Treebeard fires more splinters at Tye. Tye looks badly hurt and he darts back into his bedroom, glugging down a blue healing potion — one of Bernard’s best.
Again, I’m tempted to help, but I can’t. This has to be a fair fight.
Grimdark rushes into the bedroom after Tye and stops at the threshold to look around at the dancing blue flames on the ceiling and the cloth-of-gold drapes around the four poster. He whistles in admiration. ‘Nice pad.’
Treebeard yells, ‘Get him you oversized dope.’
Tye blasts Treebeard with a Flaming Ray. The druid is not totally immune to fire it seems, and he catches light. It’s a neat graphical effect, but it doesn’t slow him. He fires more splinters. Tye rolls on the ground, trying to get under the bed, but cracks his head against the ceramic chamber pot, there for dungeon-dressing purposes only.
Grimdark raises his axe and slams it down to where Tye was a second before. The blade clangs against the stone flagstones in a scraping of sparks.
Tye is under the bed. I’m guessing his healing potion was on cool-down so he’ll have to wait a second. Treebeard mutters magic words and his ivy tendrils snake out again, disappearing under the bed before they pull out a writhing Tye. Tye tries to get off a Flaming Ray, but he’s bound up tight by the druid’s tendrils. He throws up his hands to ward off the shooting splinters but takes them full in his chest. He rolls and reaches for the blue healing potion, but before he can raise it to his swollen lips, Grimdark brings down his mighty axe on the wizard’s head killing off my little buddy Tye. I wince, but there’s nothing I can do.
The wizard’s ghost shimmers and vanishes back to his spawn point at Silver Drift Mine.
‘Die, little ginger!’ Grimdark shouts, then licks his lips. ‘Good Xp from the little rut, no?’
Even Treebeard’s smiling now. ‘Yeah, good job, Grim.’
The barbarian chortles. ‘Yeah, is good. Good Grim!’
‘Let’s look round for loot.’
They search and find some gold and some Healing Potions (50) and then in the wizard’s bookcase to the side of the bed, he finds the prize loot. Treebeard pulls out a heavy leather tome and leafs through the parchment pages. It’s red leather with gold letters. ‘Hey, this looks special,’ he says. Grimdark comes over and snatches it out of his hand. Treebeard is outraged. ‘Hey, man, I found that first.’

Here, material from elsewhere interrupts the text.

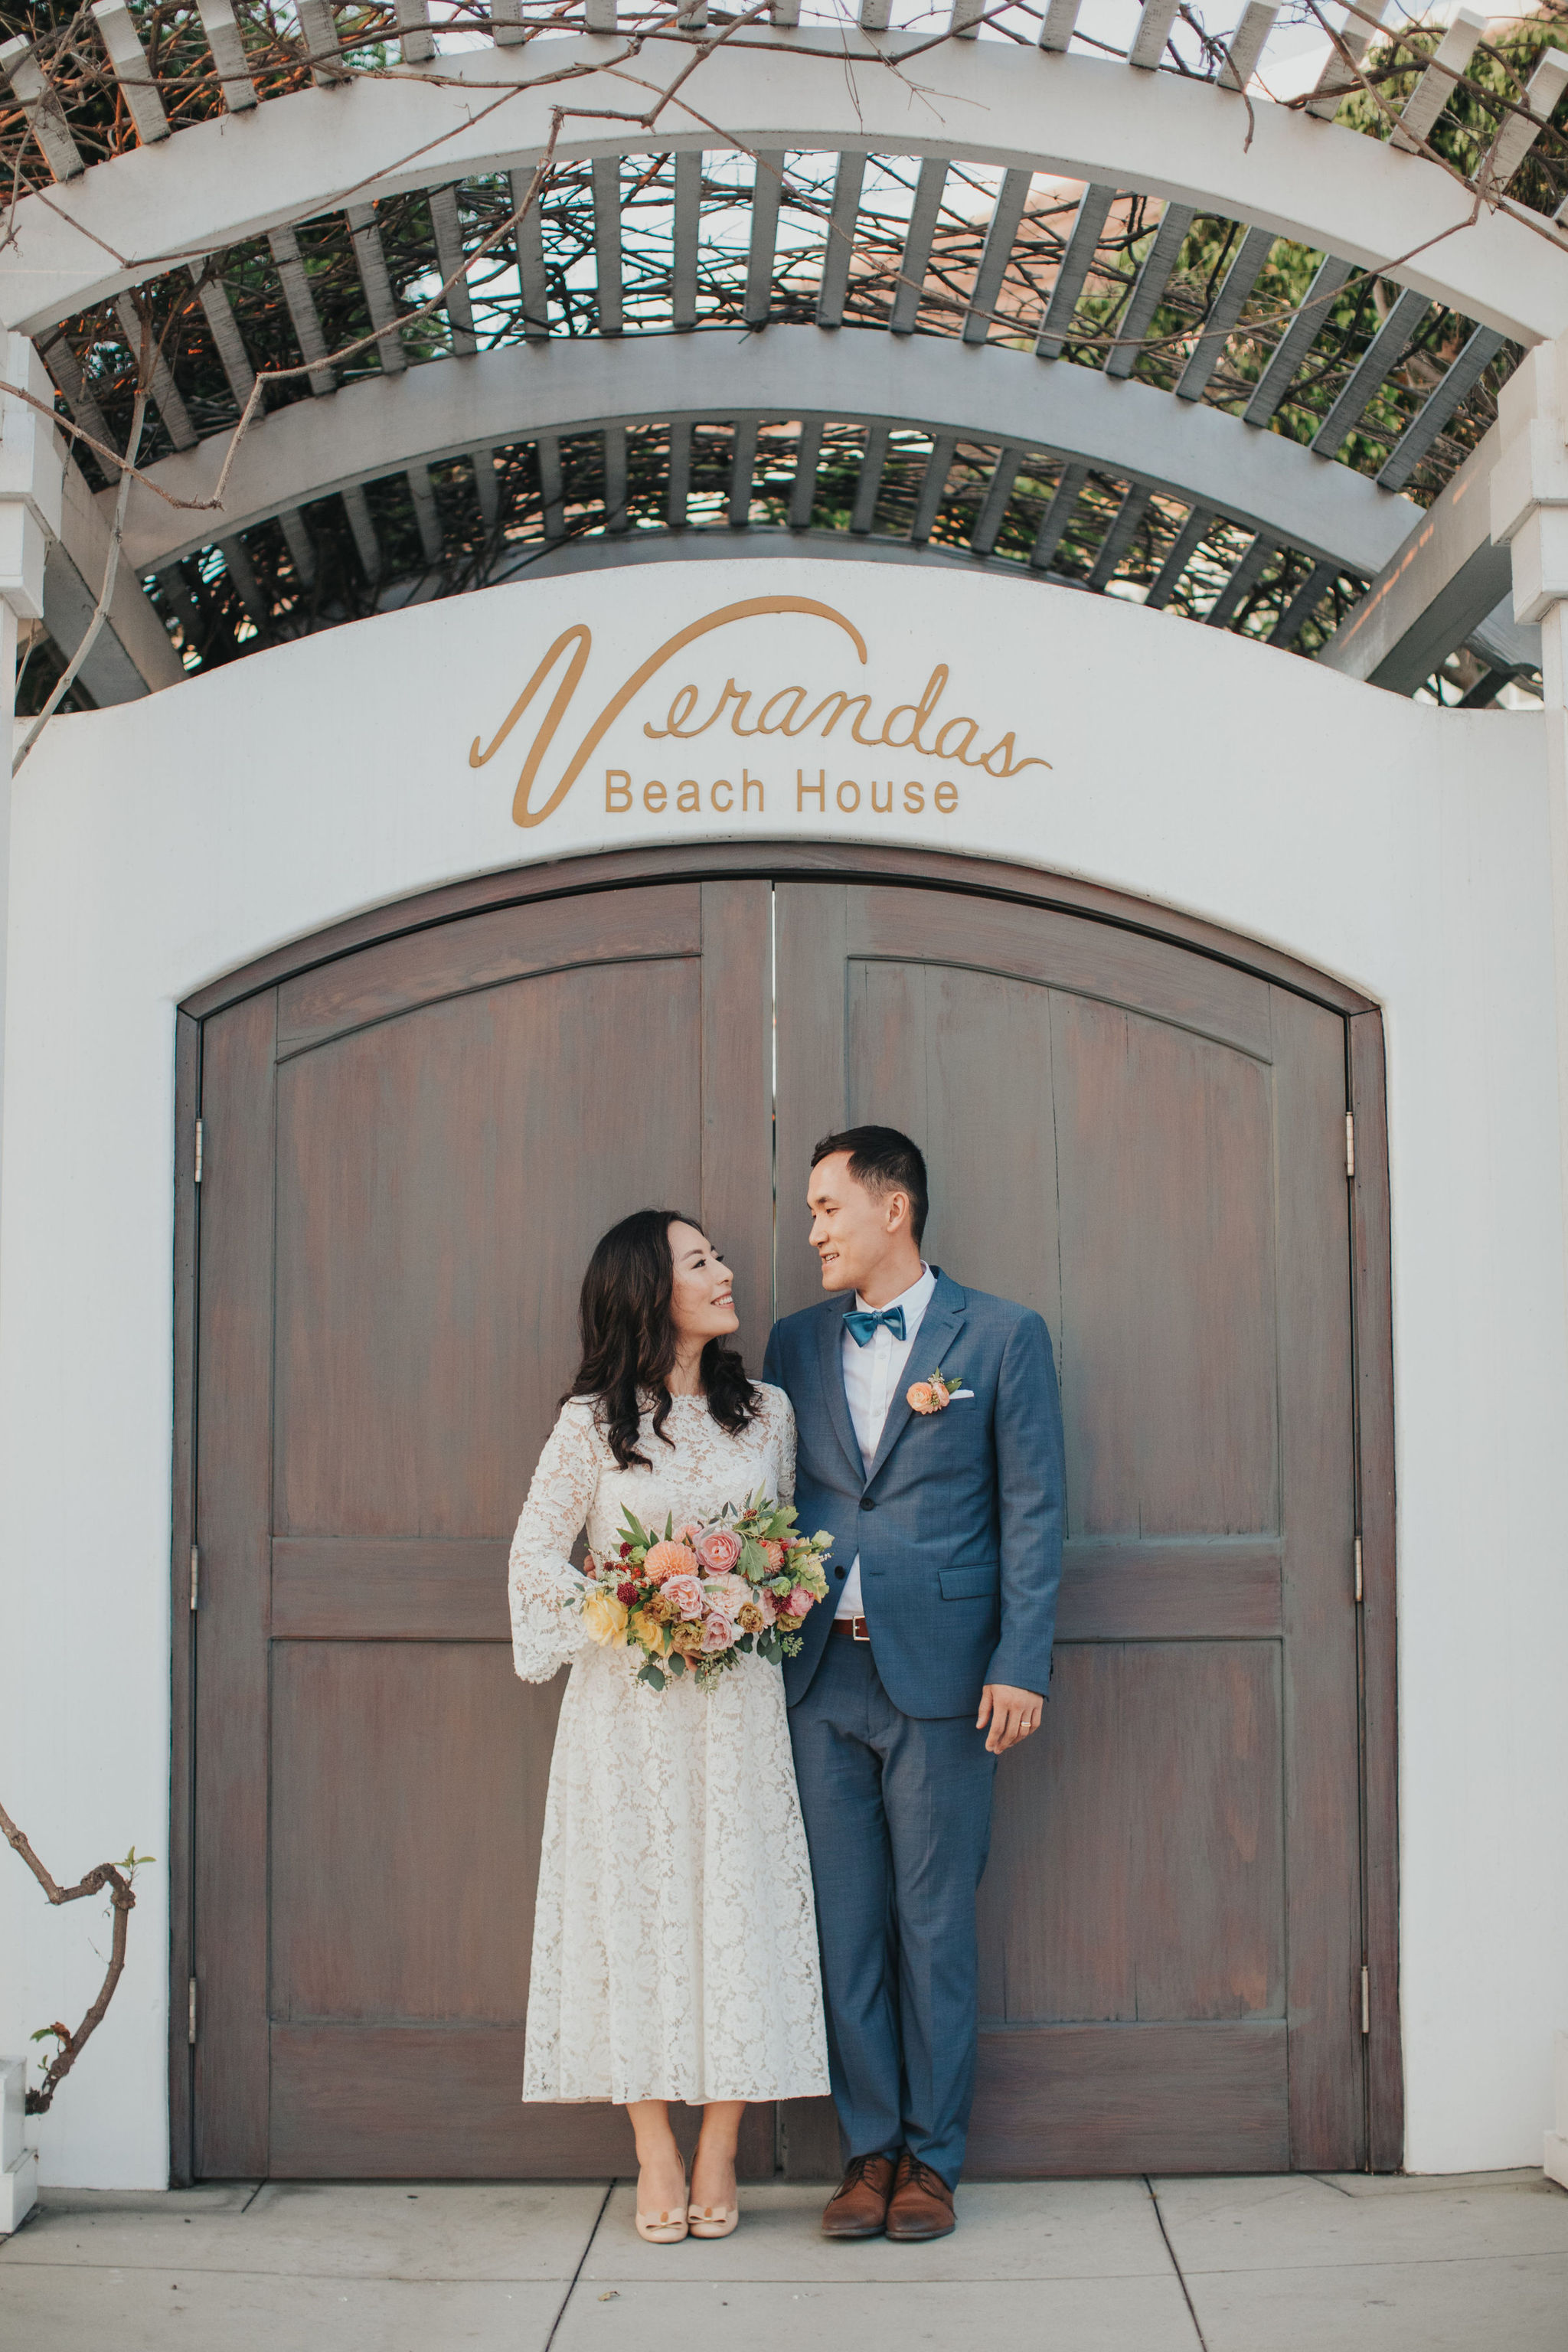 Verandas Doors | Verandas Beach House

‘It’s instanced,’ Grimdark says, losing his accent and for the first time I realise he is only playing the role of the dumb barbarian. ‘There’s one for you too.’

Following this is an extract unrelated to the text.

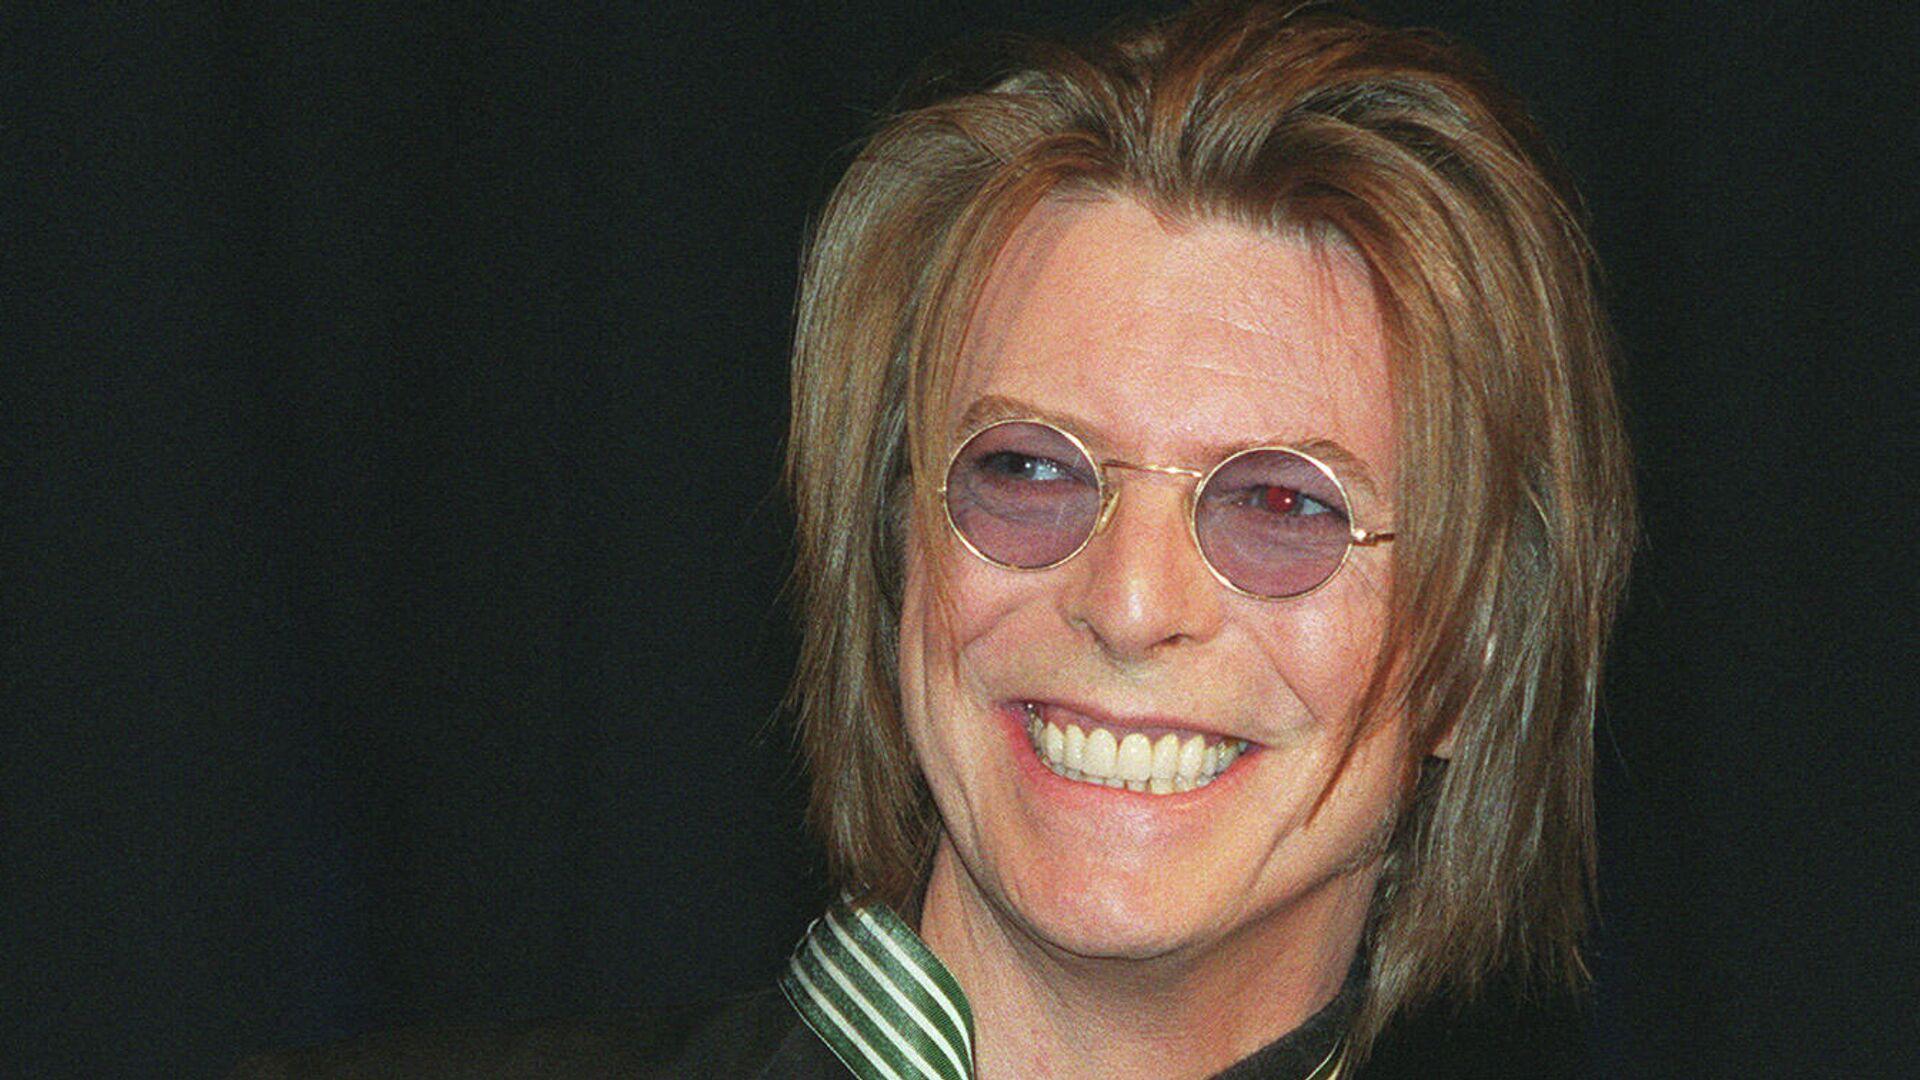 David Bowie en 1999 - Sputnik Mundo, 1920, 17.06.2021

Treebeard looks back at the bookcase and pulls out a duplicate tome to the one Grimdark has. The barbarian winks at him. ‘Grimdark smart, huh?’

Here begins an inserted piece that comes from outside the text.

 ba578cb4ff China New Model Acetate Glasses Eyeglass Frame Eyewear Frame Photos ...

Treebeard regards him warily. ‘Grimdark, smart, for sure.’
‘So what is?’
Treebeard’s still suspicious. ‘You know what it is.’
‘No, I merely dumb barbarian. I can’t read.’
I know what the tome is. It’s the boss loot from Level 1 and pretty generous too. It’s a 150 skill boost tome. Each player can only use it once for any skill. Grimdark grabs the book, concentrates hard on it and then a graphic effect of a rain of golden runes appears in the air in front of him. ‘Haha! Free skill points. I put them in Bloat!’
‘I guessed you might,’ Treebeard says.
‘You do what?’
‘Though it would be best if I put a hundred in Natural Healing and fifty in Magical Beast.’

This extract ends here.